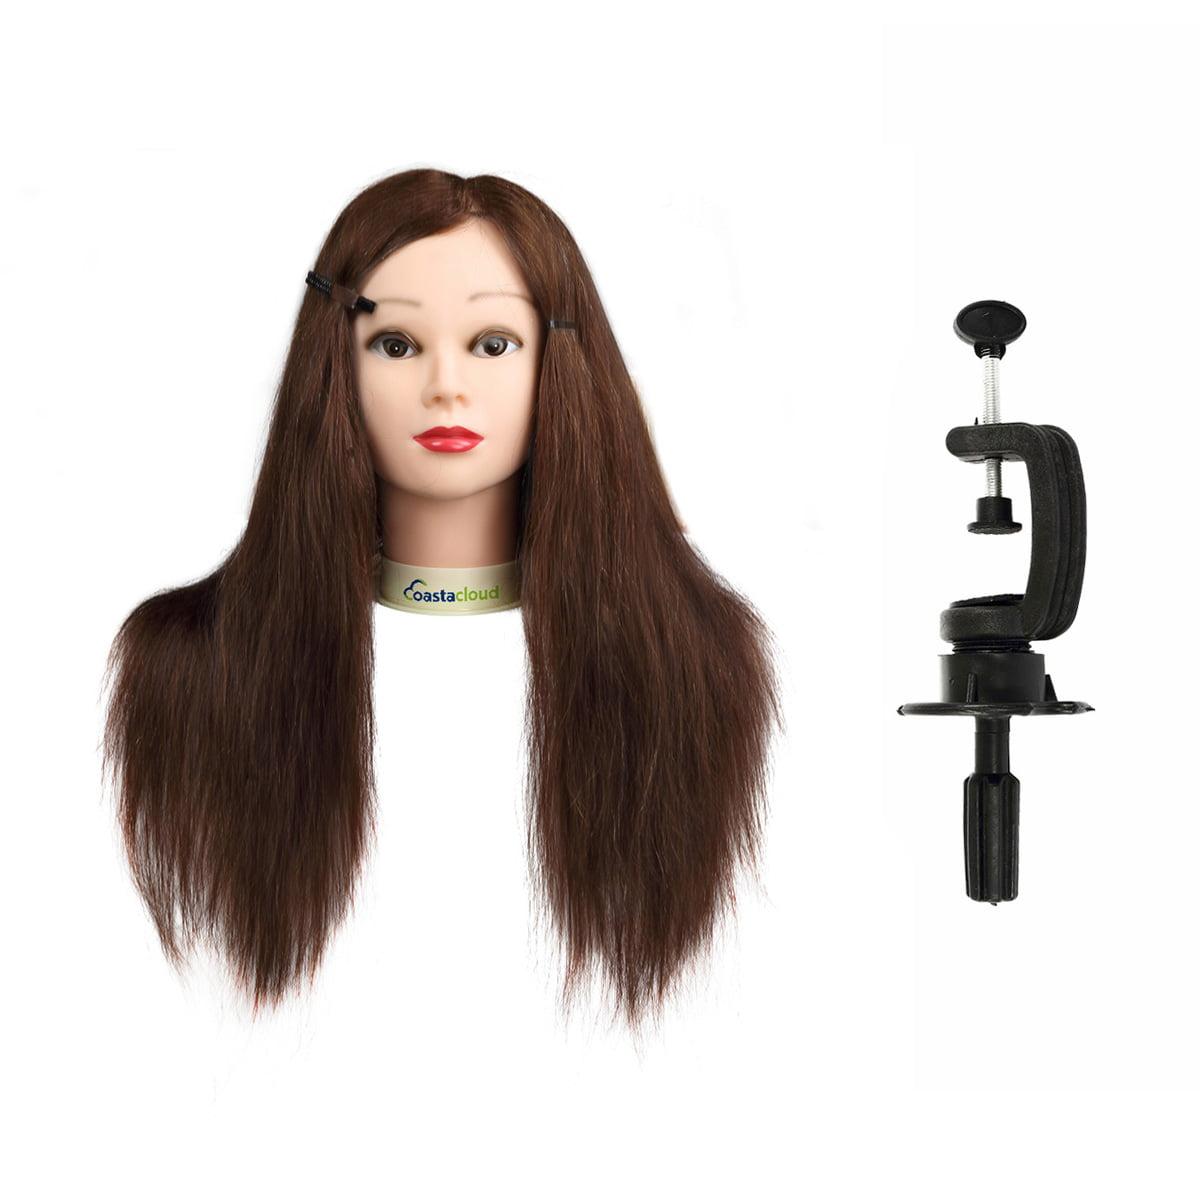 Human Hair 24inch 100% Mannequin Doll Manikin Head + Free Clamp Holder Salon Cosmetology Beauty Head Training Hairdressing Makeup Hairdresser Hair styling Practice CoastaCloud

...

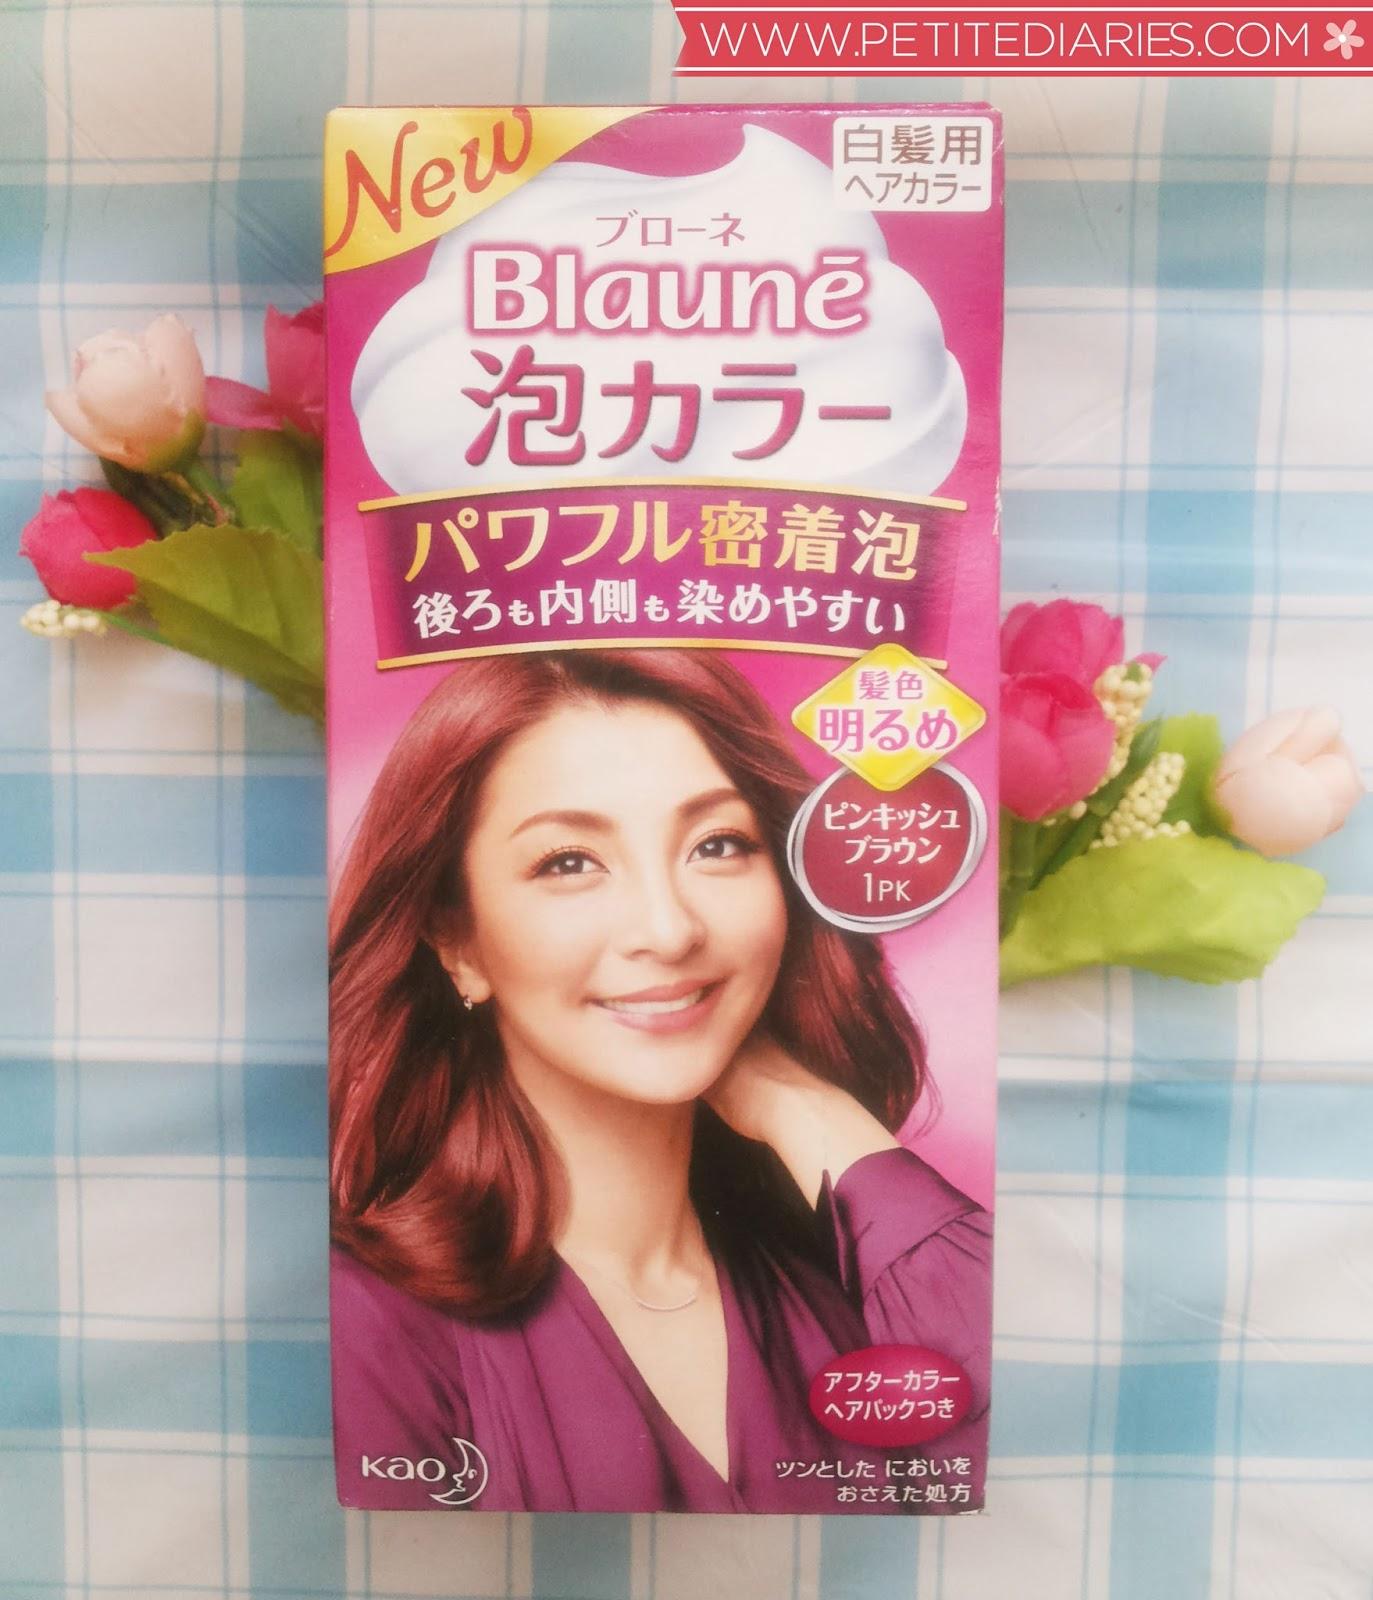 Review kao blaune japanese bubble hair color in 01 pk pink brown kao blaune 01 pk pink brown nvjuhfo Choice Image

--

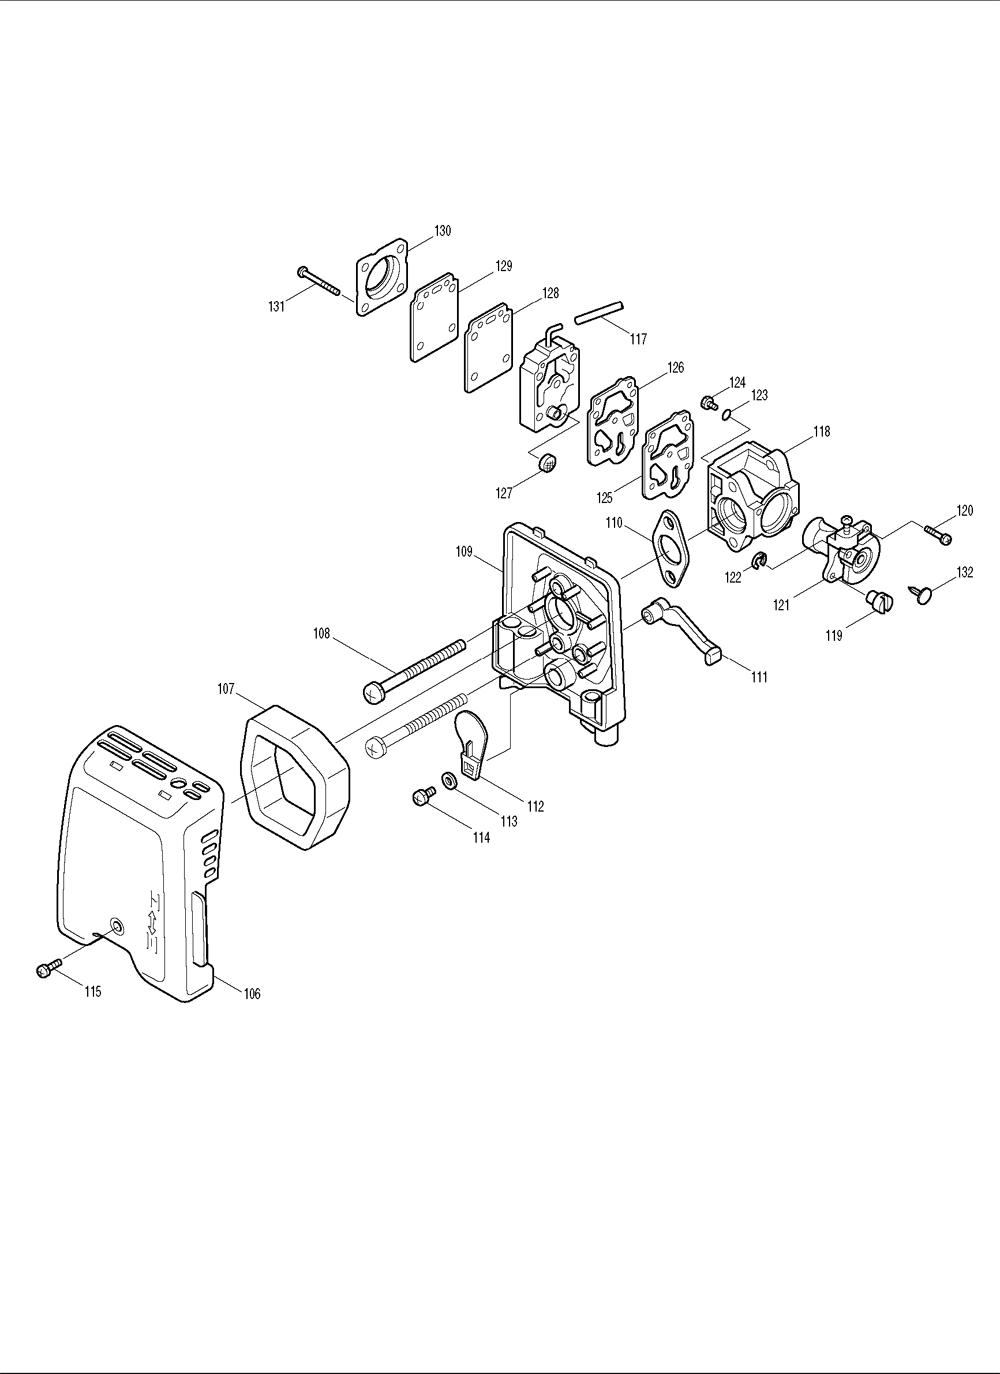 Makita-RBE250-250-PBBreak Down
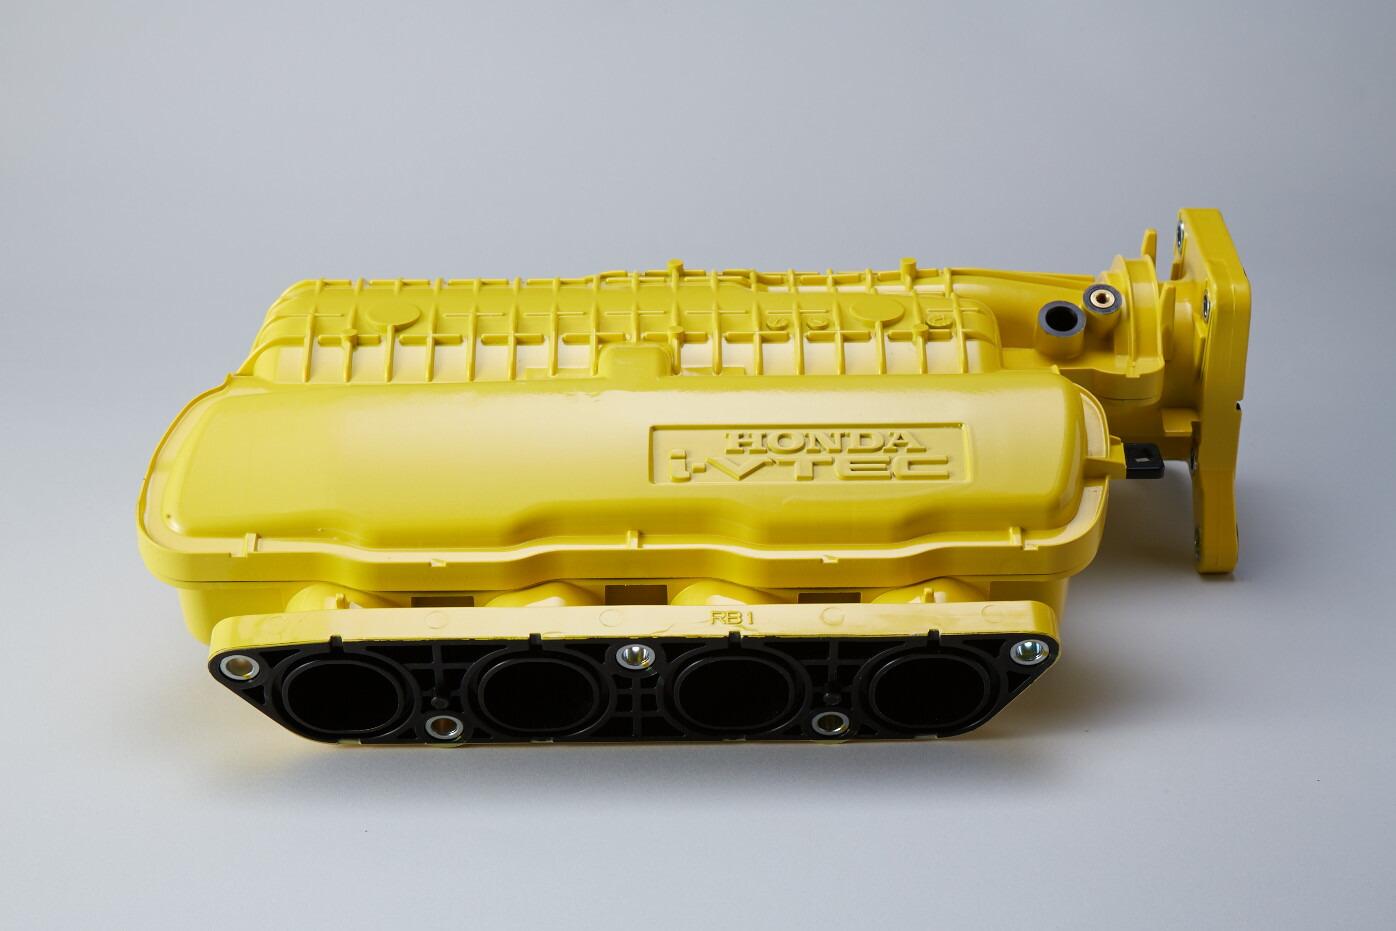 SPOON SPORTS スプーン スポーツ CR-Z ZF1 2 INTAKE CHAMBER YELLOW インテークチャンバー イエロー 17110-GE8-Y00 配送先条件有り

▶ Task description
Please copy out from the data above, without any picture, exactly the lines running from the one that holds "Makita-RBE250-250-PBBreak Down" through the one that holds "SPOON SPORTS スプーン", and nothing beyond them.

▶ Answer box
 Makita-RBE250-250-PBBreak Down
 SPOON SPORTS スプーン スポーツ CR-Z ZF1 2 INTAKE CHAMBER YELLOW インテークチャンバー イエロー 17110-GE8-Y00 配送先条件有り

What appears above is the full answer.